É importante ressaltar que os negros
não aceitaram passivamente a escravidão, embora livros e professores alienados
tentem fazer perceber ao contrário. Foram várias forma de resistência negra
durante o regime escravocrata. Insubmissão às regras do trabalho nas roças ou
plantações onde trabalhavam os movimentos espontâneos de ocupação das terras
disponíveis, revoltas, fugas, abandono das fazendas pelos escravos, assassinato
de senhores e de suas famílias, abortos, quilombos, organizações religiosas,
entre outras, foram algumas estratégias utilizadas pelos negros na sua luta
contra a escravidão. O quilombo dos palmares, talvez tenha sido o mais forte
foco de resistência. No início foram poucas pessoas, mas o número foi crescendo
até tornarem-se uma comunidade de 30 mil aquilombados, entre homens mulheres e
crianças. Os negros de Palmares estabeleceram o primeiro Estado livre nas
terras da América, um Estado africano pela forma como foi pensado e organizado,
tanto do ponto de vista político, quanto militar, sociocultural e econômico.

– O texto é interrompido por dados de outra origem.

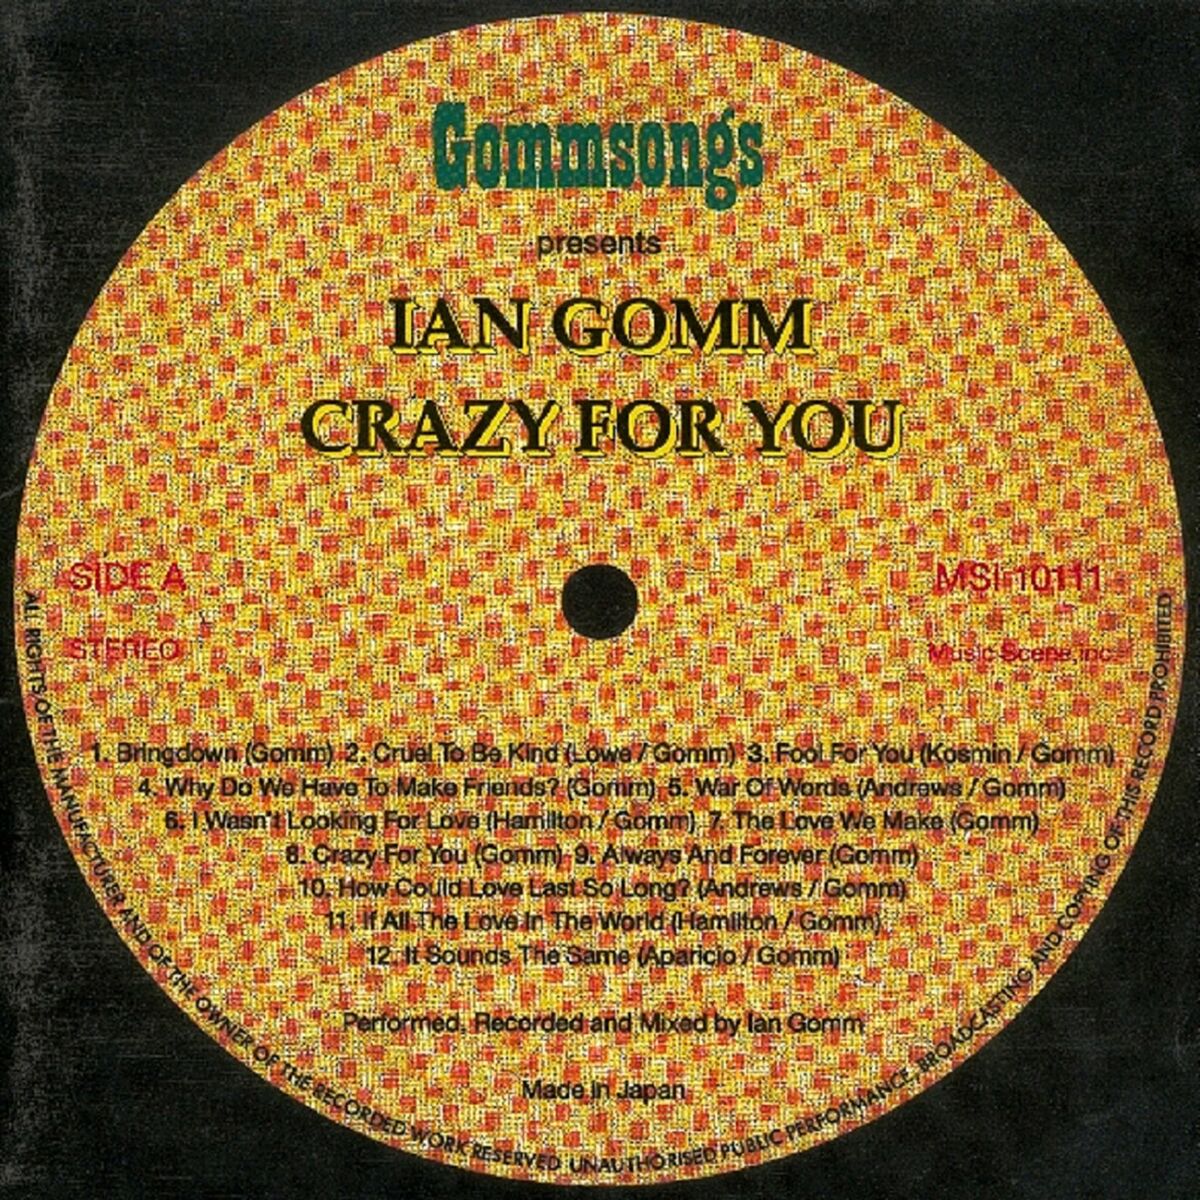 Ian Gomm: albums

Liderado por Zumbi, na verdade foi fundado um verdadeiro país negro, dentro de
um país branco, é por isso que é muito justo que as organizações negras
existentes em nosso país reivindiquem o dia 20 de novembro como o dia da
Consciência negra.
Para mim particularmente o racismo é
um produto da ignorância do homem, do desaprimoramento do caráter, da
personalidade que não é capaz de refletir que todos os seres humanos têm as
mesmas necessidades básicas. Esse etnocentrismo de sentimento de superioridade
que uma cultura tem em relação às outras, nada mais é do que desumanização do
homem resultado de sistemas de organização que tem como metas o enriquecimento,
a ambição, isso leva a subjugação daqueles que tem na sua cultura uma forma de
viver simples e internalizada cultura da paz. Porque como canta o grande
representante do carimbó paraense Pinduca, o preto, o branco tudo acaba no
buraco ou em cinzas que desaparecerão com o tempo.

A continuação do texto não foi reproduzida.